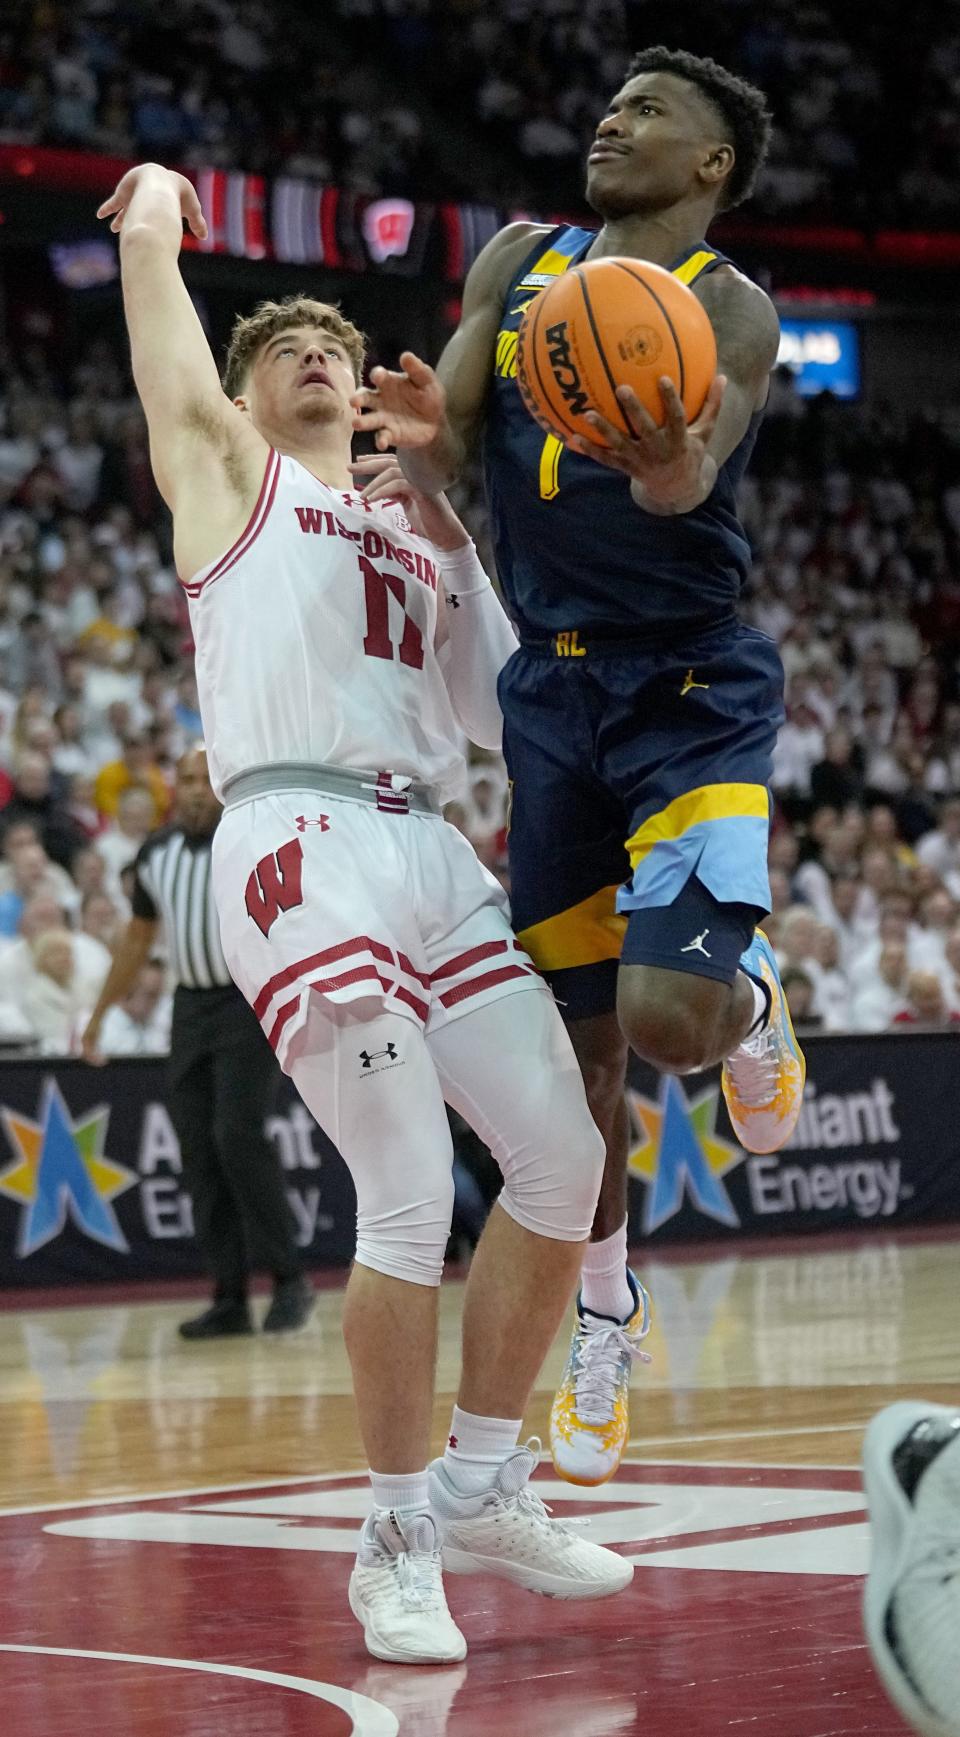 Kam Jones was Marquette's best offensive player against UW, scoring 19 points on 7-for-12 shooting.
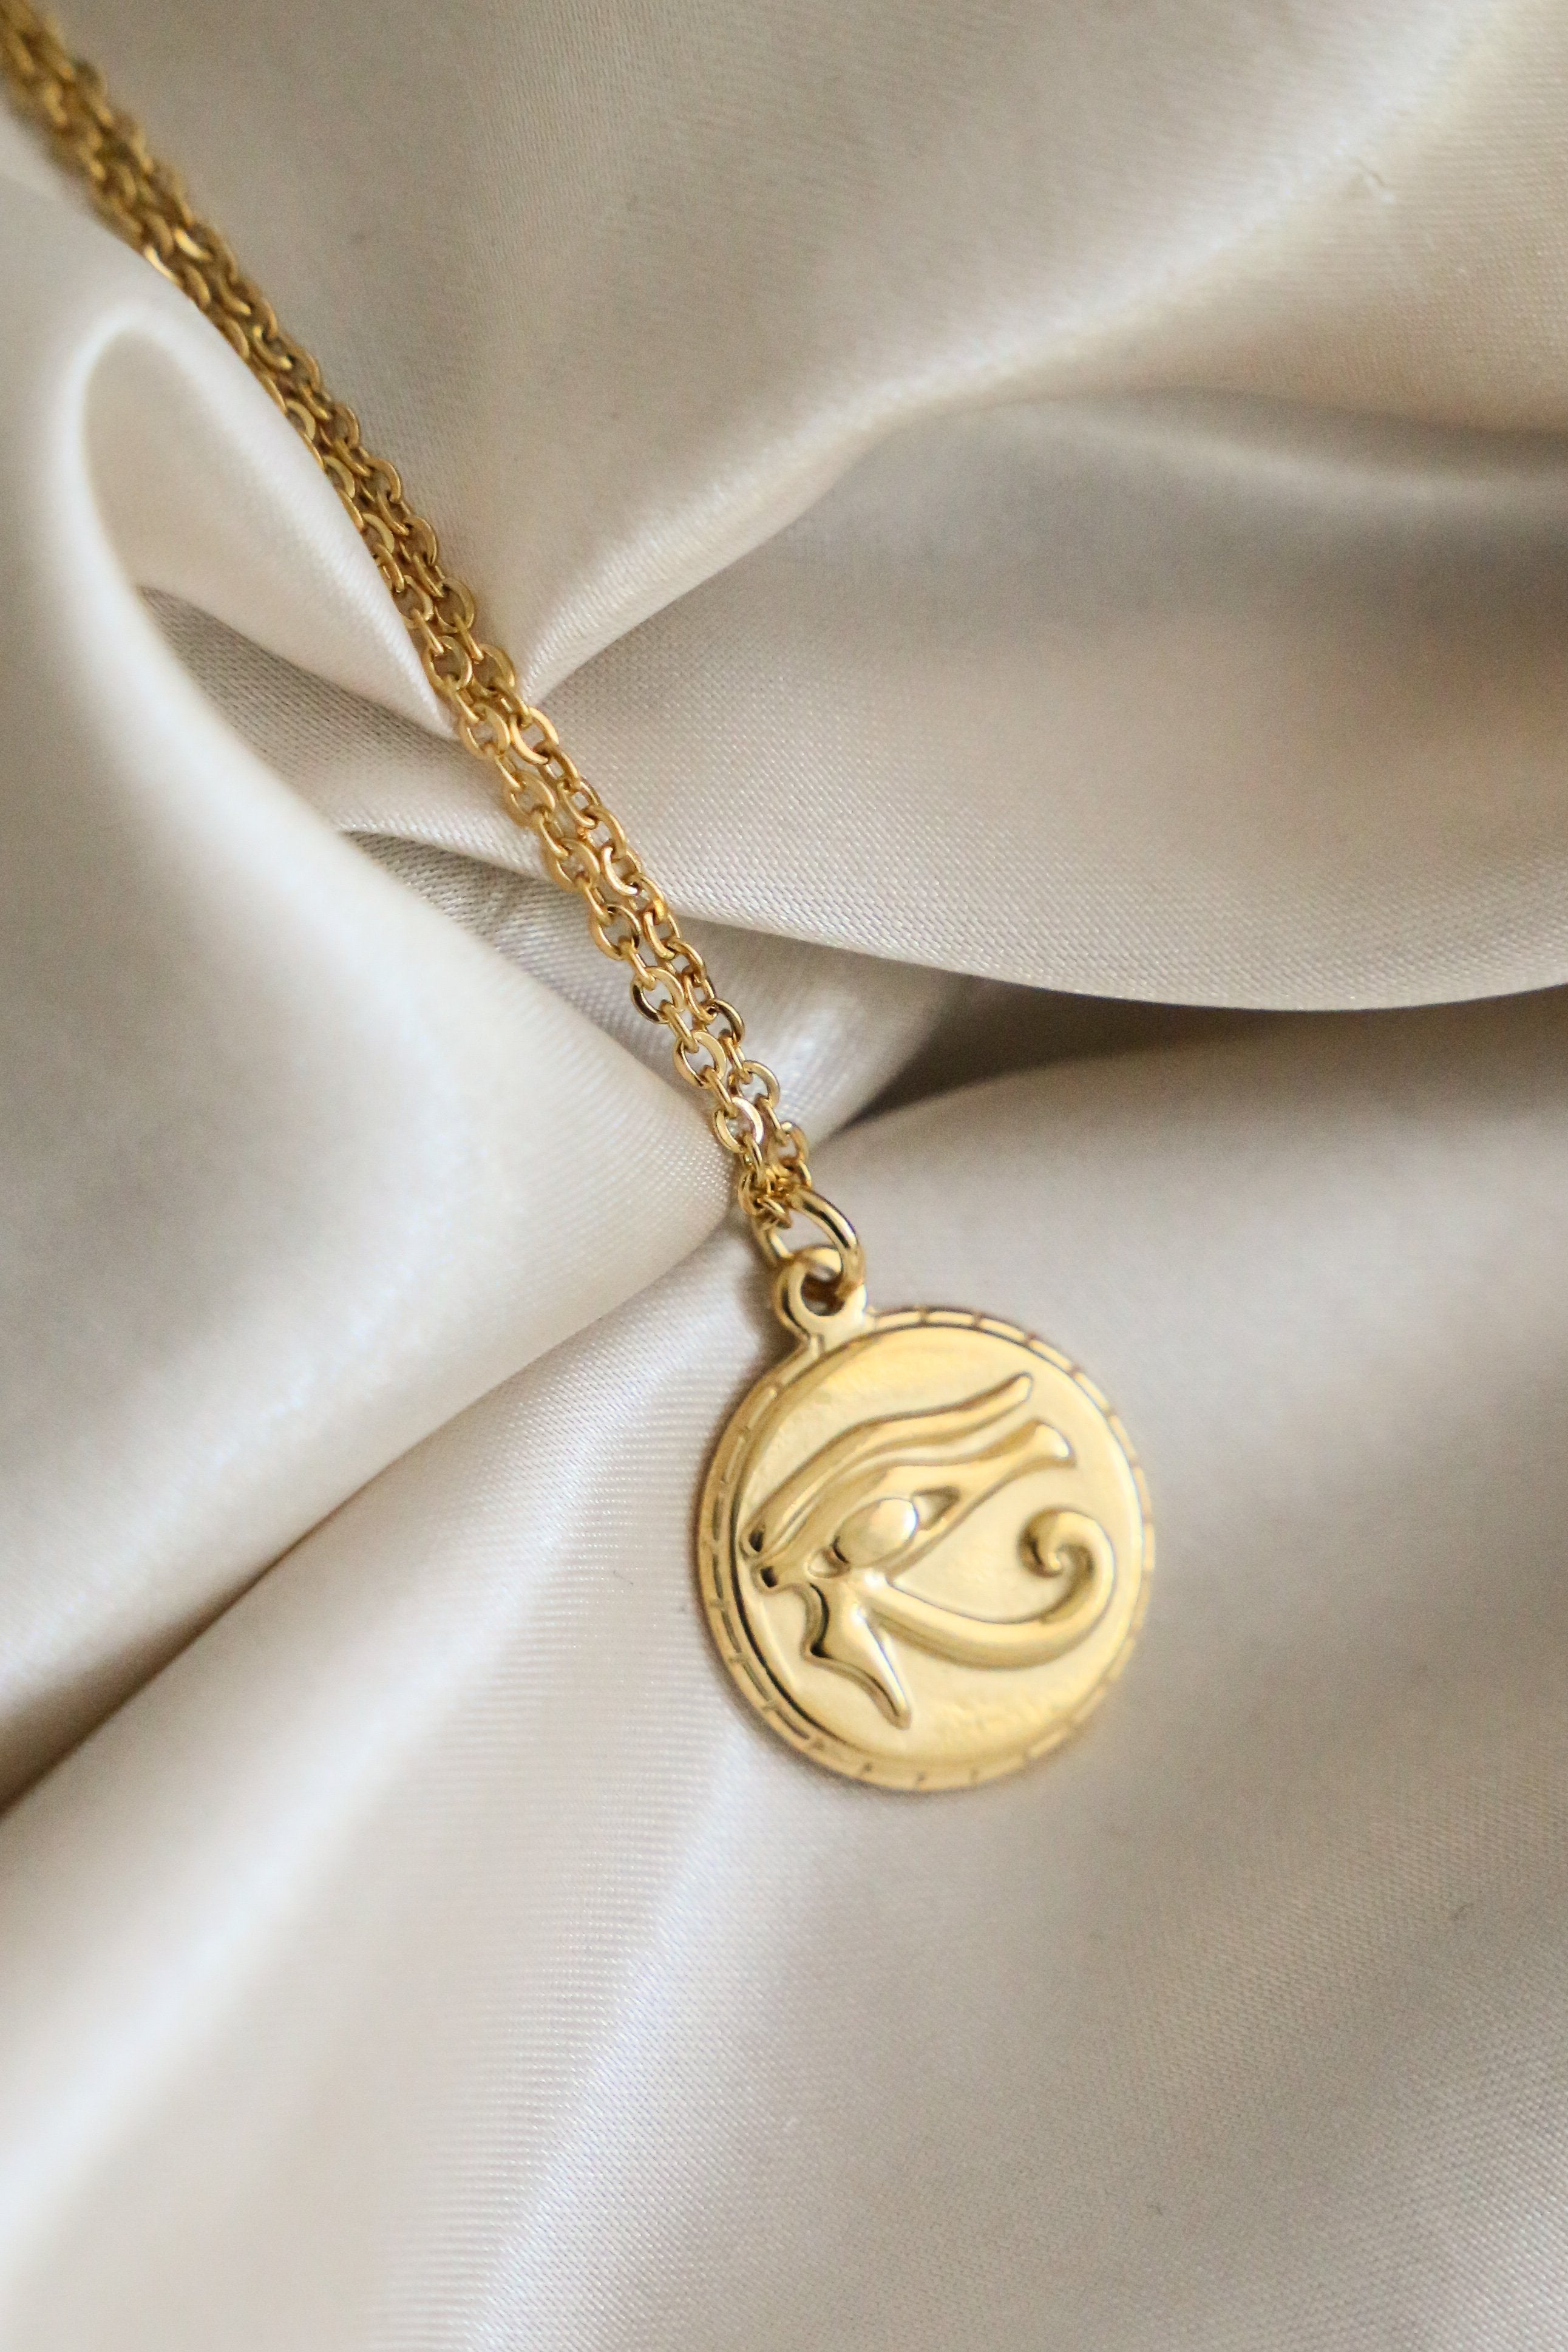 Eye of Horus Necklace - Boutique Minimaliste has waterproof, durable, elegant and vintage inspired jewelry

+===+

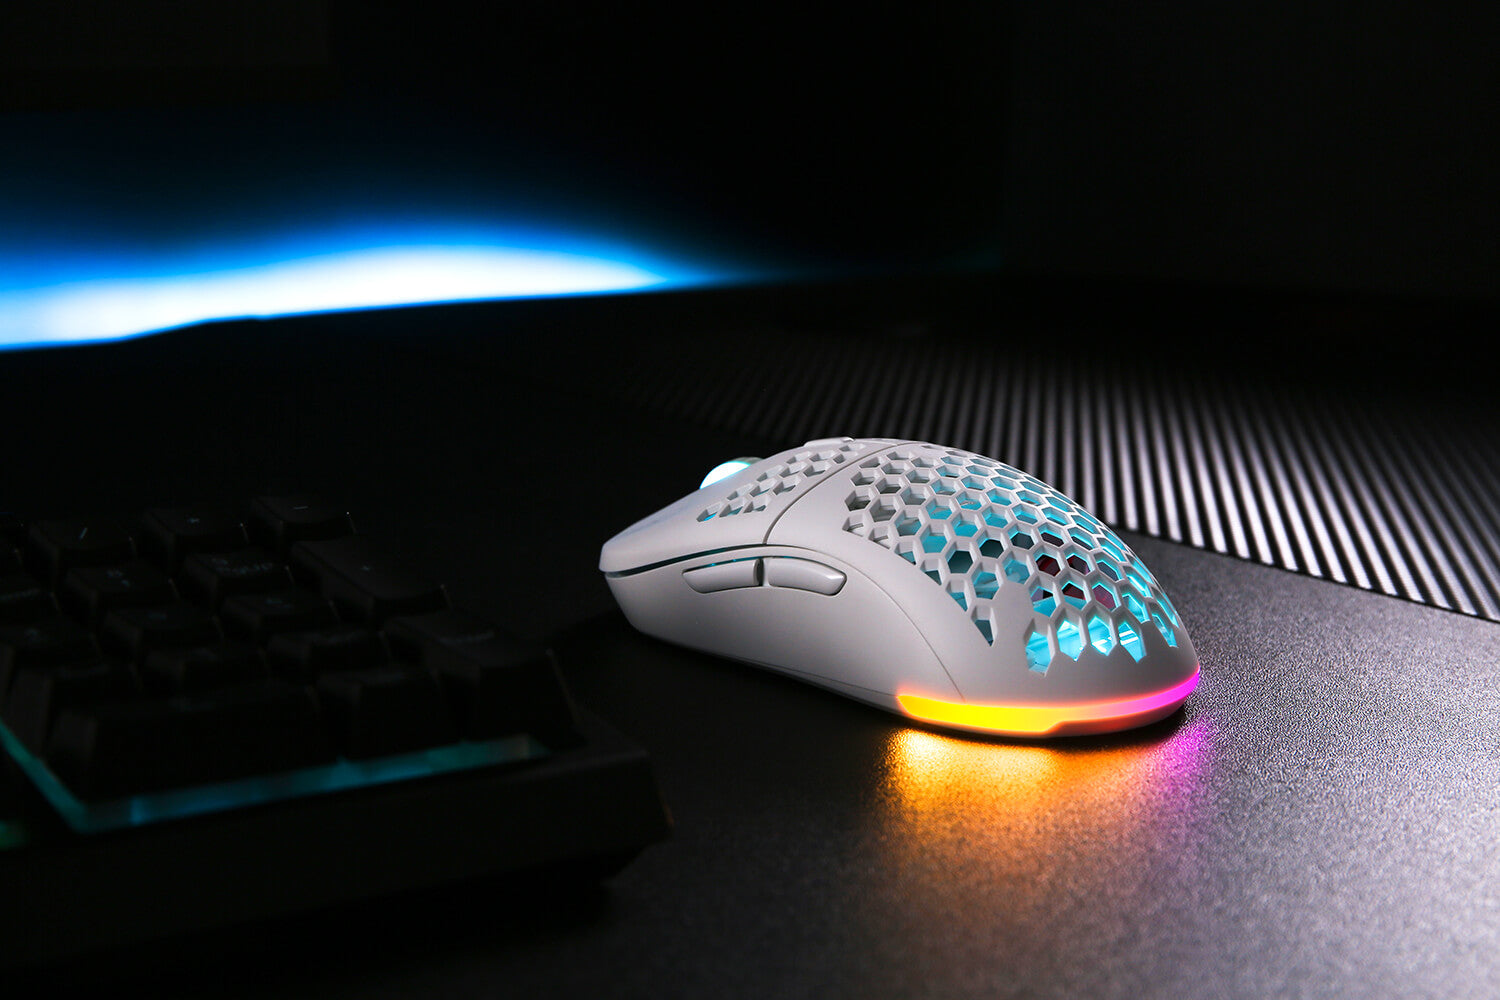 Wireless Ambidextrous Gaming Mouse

+===+

» **Problem to solve**
Copy back exactly the lines above from the one containing "Kam Jones was" through the one containing "Eye of Horus", and leave every picture behind.

» **Result of the exercise**
 Kam Jones was Marquette's best offensive player against UW, scoring 19 points on 7-for-12 shooting.
 Eye of Horus Necklace - Boutique Minimaliste has waterproof, durable, elegant and vintage inspired jewelry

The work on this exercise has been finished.